Hi guys,
I rolled back to 3.1 because I was sick of my crafts (2 3dr quads) flipping in the middle of auto missions for what seem to be no reason. That was the only time I saw a problem with them.
Anyway, I was just hovering while doing a 90 degree yaw every 30 seconds or so. I seem to have a motor thats performing less than the others so I was trying to sort out which it is. After the fourth yaw, the craft just dropped to one side. Thankfully I was only about 5 ft off the ground so only a prop break.
I'm getting pretty frustrated with not being able to have ANY trust in this code! Honestly with my eyes it looked like a motor failure, but I've done a few full power run ups and everything seems to be performing just fine.
It looks like motor 1 and 2 had some weird interaction there. 2 quit so 1 tried to compensate? Or 1 started ramping up so 2 tried to compensate too, but then 2,3, and 4 all shut off at the same time?

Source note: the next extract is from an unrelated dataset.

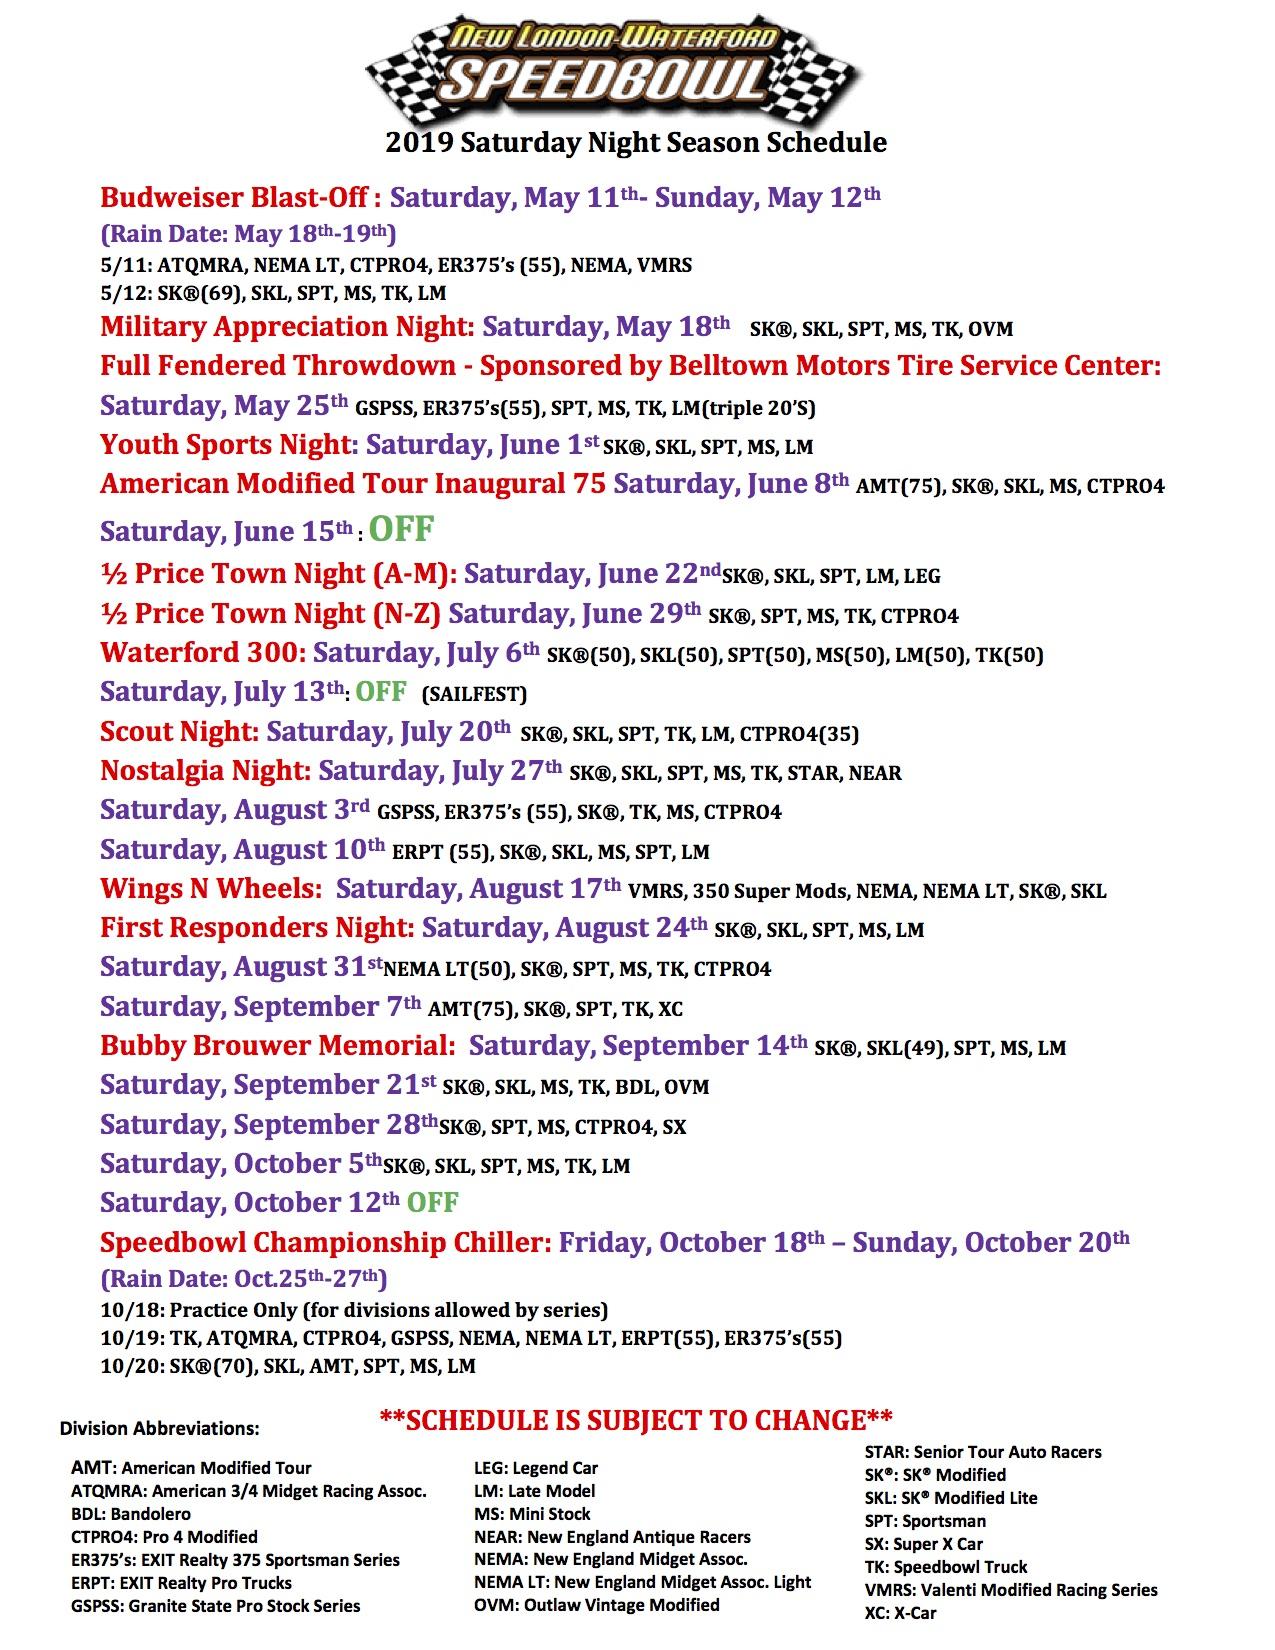 2019 Speedbowl Saturday Night Race Schedule

Could anyone help me figure out what's going on here? I've done the compass_mot test everyone talks about nowadays and it was well below the suggested max.

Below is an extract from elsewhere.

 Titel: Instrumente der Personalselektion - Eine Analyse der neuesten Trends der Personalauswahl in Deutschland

Any help would be great. Even just some discussion on how to start building confidence in the system again after too many unexplained failures in a row would be great.
Happy flying!
Replies
You had some mechanical or ESC/prop failure.

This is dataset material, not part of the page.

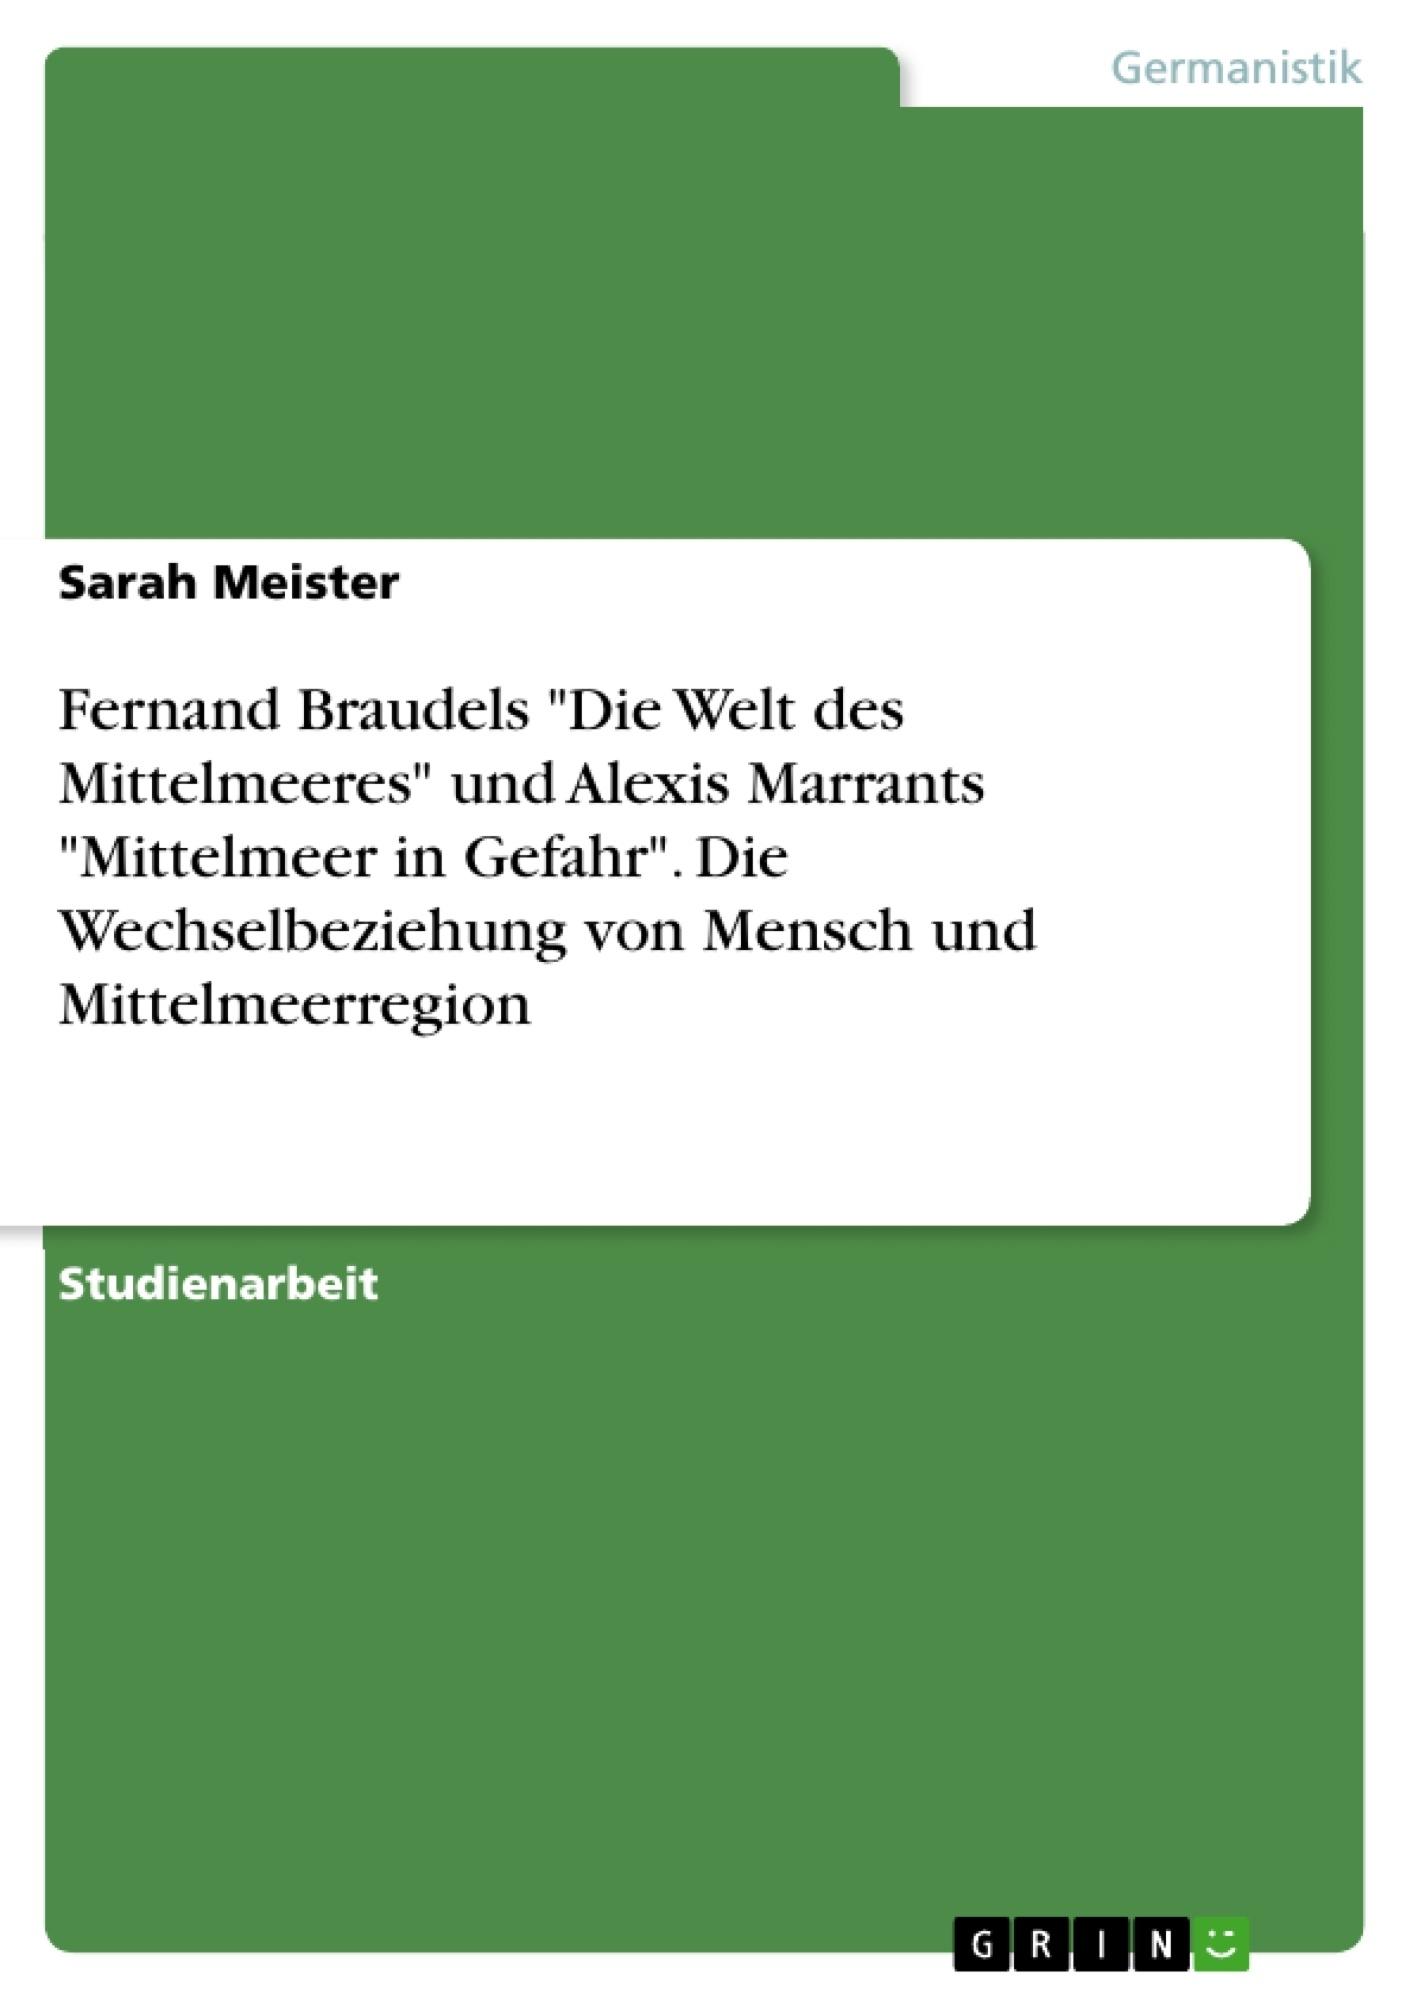 """Titel: Fernand Braudels """"Die Welt des Mittelmeeres"""" und Alexis Marrants """"Mittelmeer in Gefahr"""". Die Wechselbeziehung von Mensch und Mittelmeerregion"""

line 15678 : ATT/Roll starts to get very different from NTUN/DRol
line 15708 roll is now 53.86degree - if throttle were working properly, it would shoot off at great speed.. so:
line 15714 logs a throttle reduction (CTUN/TrhOut)
when trottle is all the way down, you are at a uncommanded 75degree roll that flips later on.
If I only got $1 when people complain about confidence when the fault is outside ArduPilot/Copter :)
-At least you had complete logs :)
loitercrash.png
Haha, hold on hold on, give me credit where credit is due! I said it looked mechanical first, I didn't jump straight to blaming the code! And I said rebuilding trust in the system, not just the ardupilot code!
Shoot... Ok maybe I was frustrated typing. My fault. Sorry!
Alright, so you did give me some great info there, which is the difference between ATT/Roll and NTUN/DRol. I've read through the list of parameters a few times but somehow have missed the desired roll rate out from the autopilot. Thanks for pointing that out!
I could definitely stand to learn more about motors though. As far as I can tell, my ESC connectors are all solid, my connection to the PDB is solid, and all motors at flight speeds. Is there some sort of failure mode for motors that have a good number of flight hours on them (50 or so I'd guess? I have all flights logged though so I could total it up for a more accurate estimate), or maybe motors that got too hot once? How often should I be replacing motors? Seems like it would vary by quality, but are there datasheets available with suggestions somewhere?
Thanks for the help and sorry again I jumped to blaming code. I swear I don't normally do that. I have been having a few crashes lately (on my other craft) that I couldn't find the cause of where it was in auto, doing fine, then just falls. It seemed like it wasn't mechanical because they can still fly just fine and everything is connected up. I'll go back and look again though with the new ATT vs NTUN roll info.
Thanks again!
I commented for fun, you were not "blaming" too much :)
Motors *should* hold "forever", except for bad ball bearings there are no wear inside.
That said: Some sloppy manufacturers cut/flatten windings whilse assembling the base of a outrunner, this can give defective windings, usually detected by lower efficiency / heat.
With correct propellers, motors should not be hot after flight.
A motor that have been too hot, may have internal short circuit between windings, resulting in wrong impedance, and bad efficiency.
ESC's can have bad (cold) solderings, I've seen myself ESC's where Source pin became loose. this is a nasty fault that may come and go as it can get fused together again (poorly) by the current.
I've also seen sloppy soldering between windings and main motor leads.